Le co-auteur de Toruk, Victor Pilon, est originaire de Masham. Mais ce n'est pas la seule voix de la région qui résonne dans le spectacle. Le chanteur lyrique d'Ottawa Daniel Taylor a posé la sienne sur la trame sonore de Toruk, signée Bob & Bill - tandem derrière se cachent les compositeurs Guy Dubuc et Marc Lessard. On entend le contre-ténor dans le tableau où l'on découvre le sanctuaire / ossuaire des Anurais, l'un des cinq clans Na'vis mis en scène dans Toruk. En outre, un des cofondateurs de Normal, la compagnie montréalaise qui a assuré la production des images de ce spectacle multimédias, Mathieu St-Arnaud, est originaire de l'Outaouais.

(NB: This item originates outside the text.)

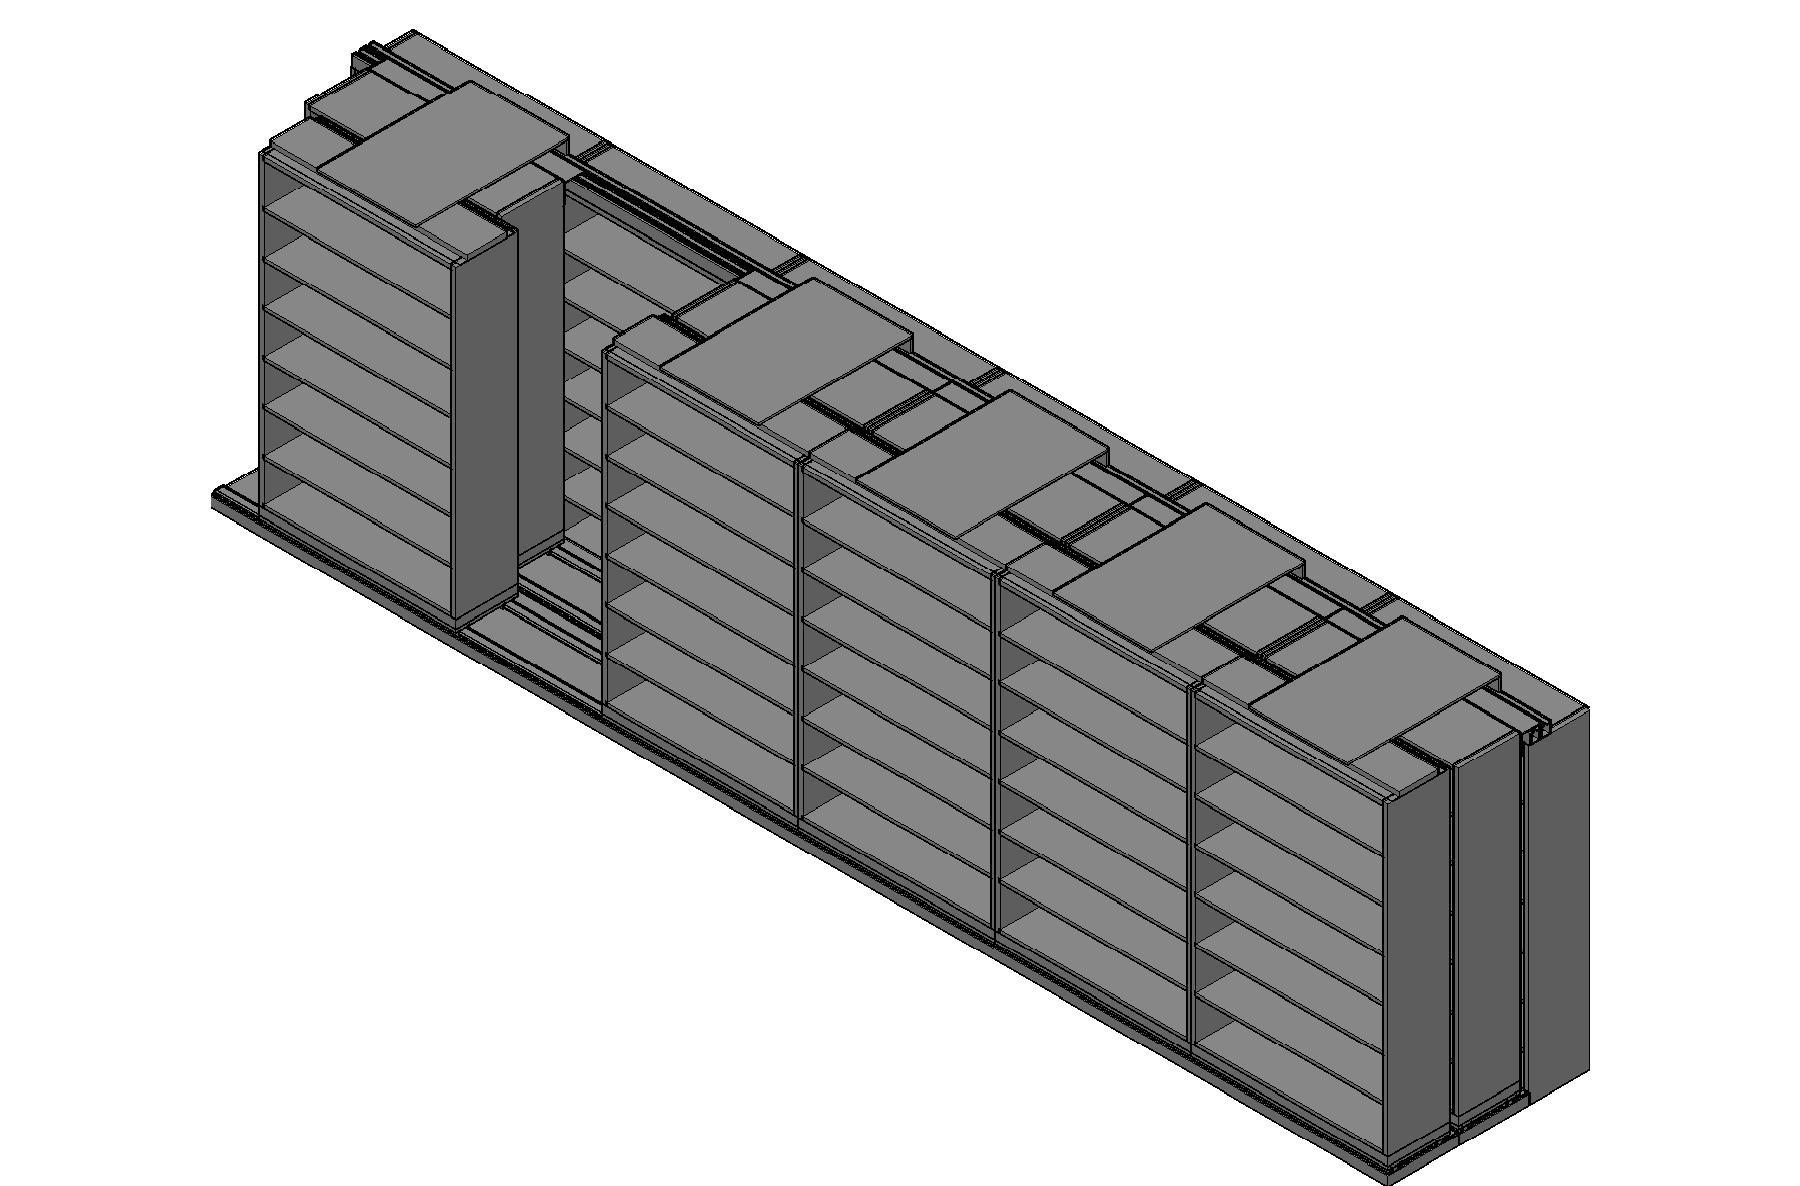 "Legal Size Sliding Shelves - 3 Rows Deep - 7 Levels - (48"" x 15"" Shelves) - 292"" Total Width"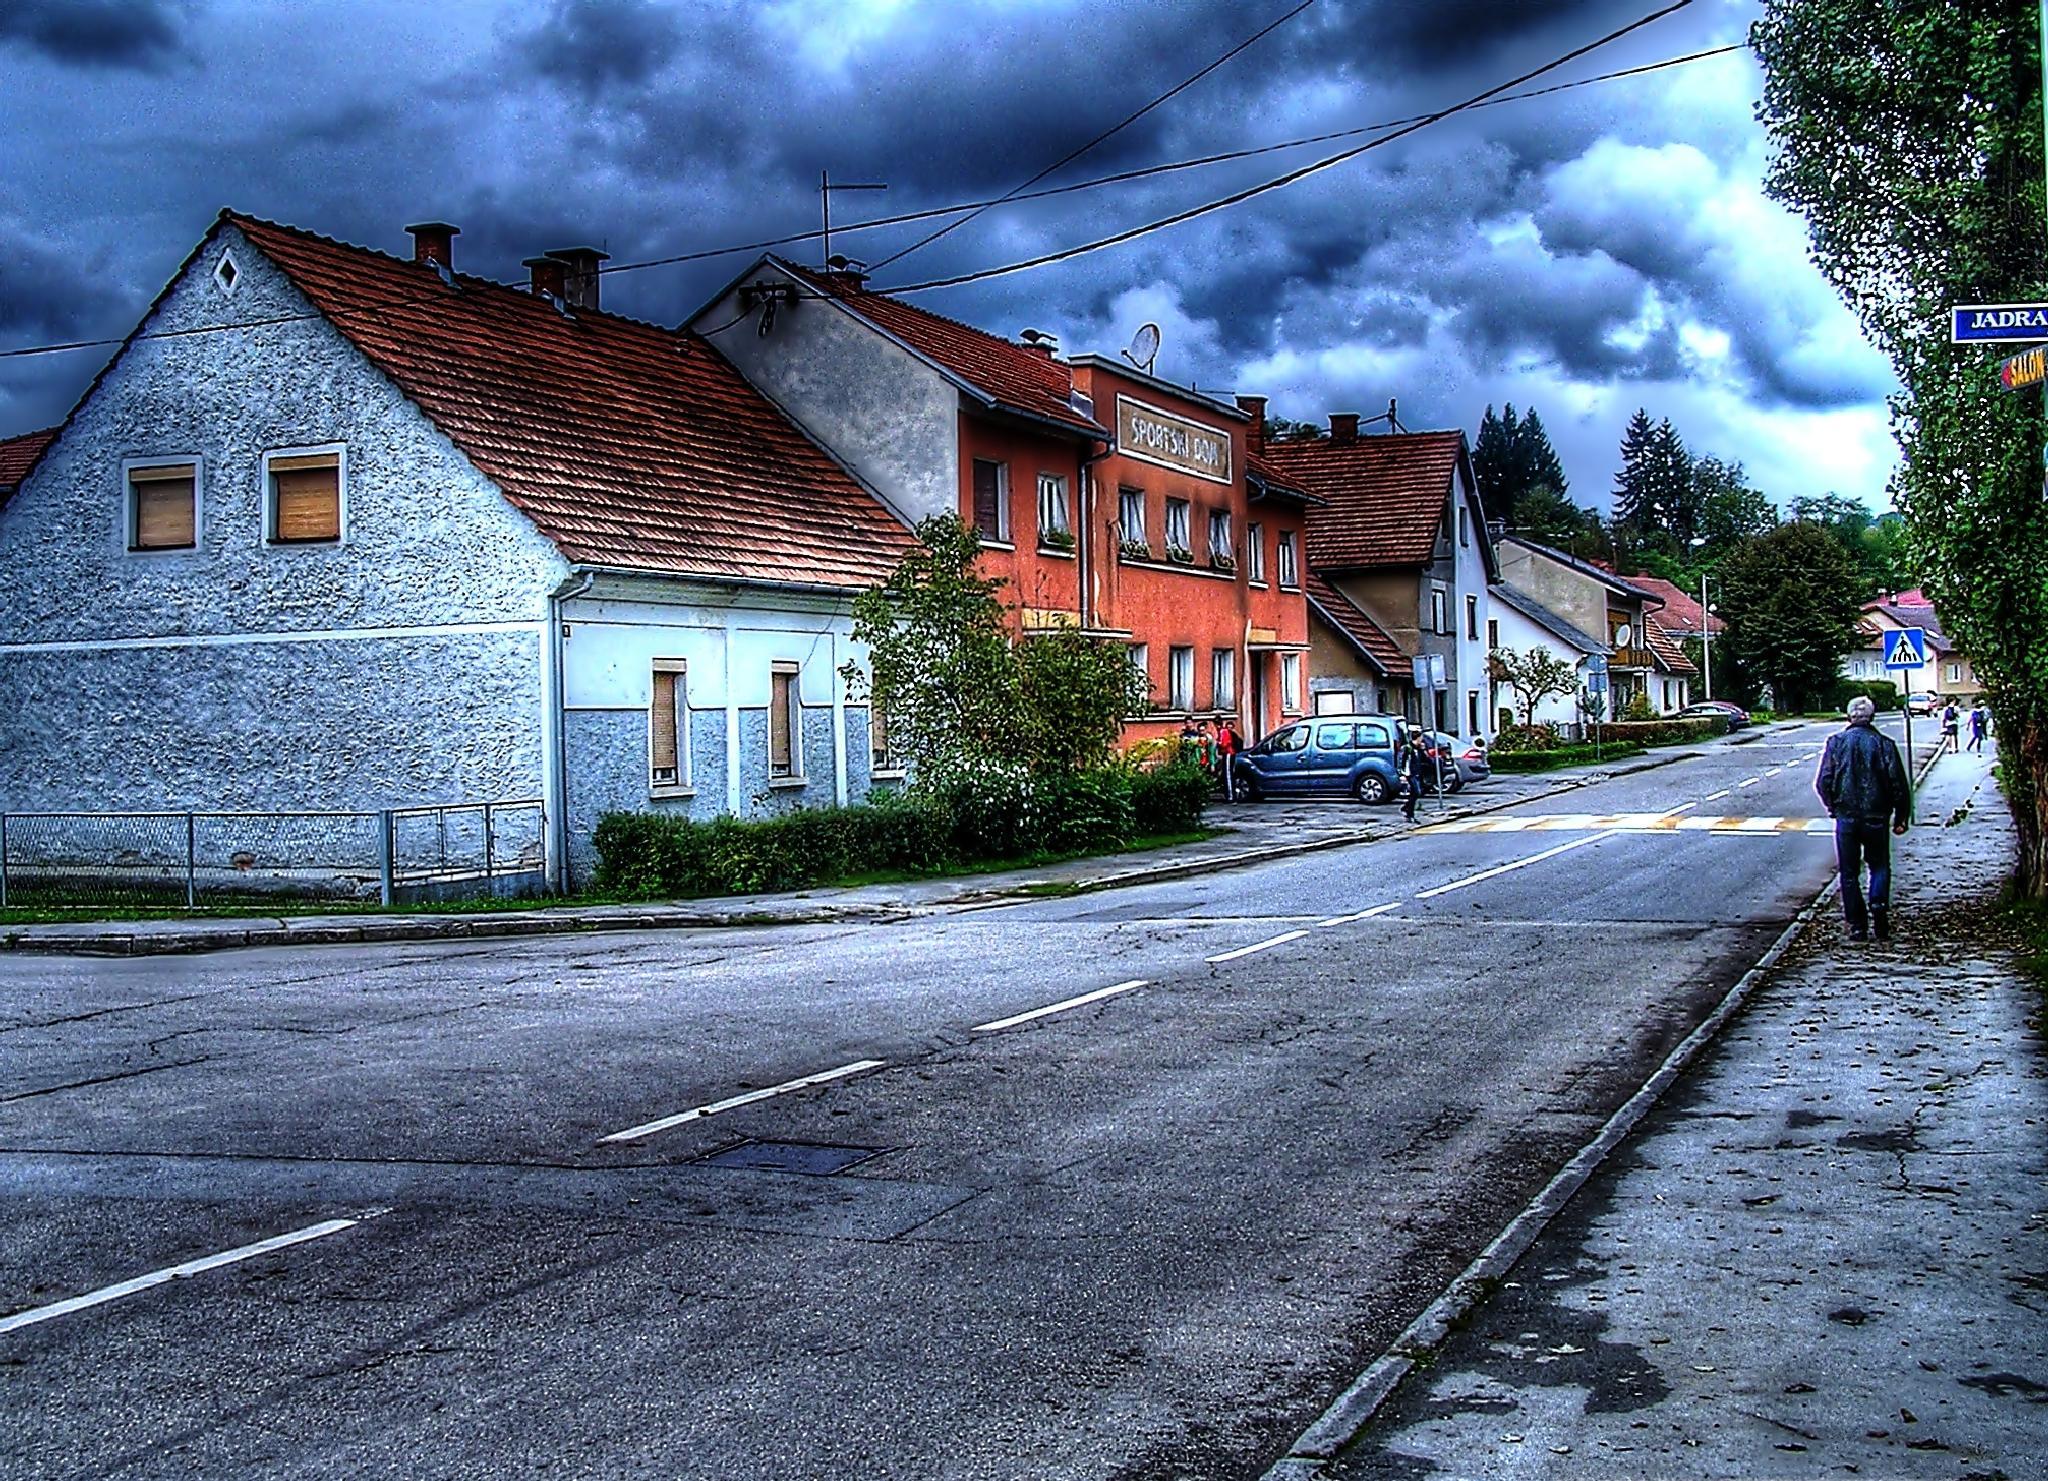 Street of Duga Resa 1 by Antun Marakovic

Loin du confort du chapiteau

Le «grand défi» de Toruk, c'est se le déplacer. D'investir «des arénas qui changent d'une ville à l'autre. C'est pas comme sous un chapiteau: on n'a pas complètement le contrôle de l'espace». Les variations surviennent «au niveau de la lumière, de la sécurité, des projections. Pour l'équipe technique c'est vraiment complexe. Ils n'ont souvent que 48h pour installer tout cet équipement [qui rivalise avec] les grands spectacles rock», dit-il en rappelant que la précision est non seulement primordiale, elle est vitale: «Au cirque, on ne peut pas se permettre la moindre erreur, c'est la vie des gens qui est en jeu».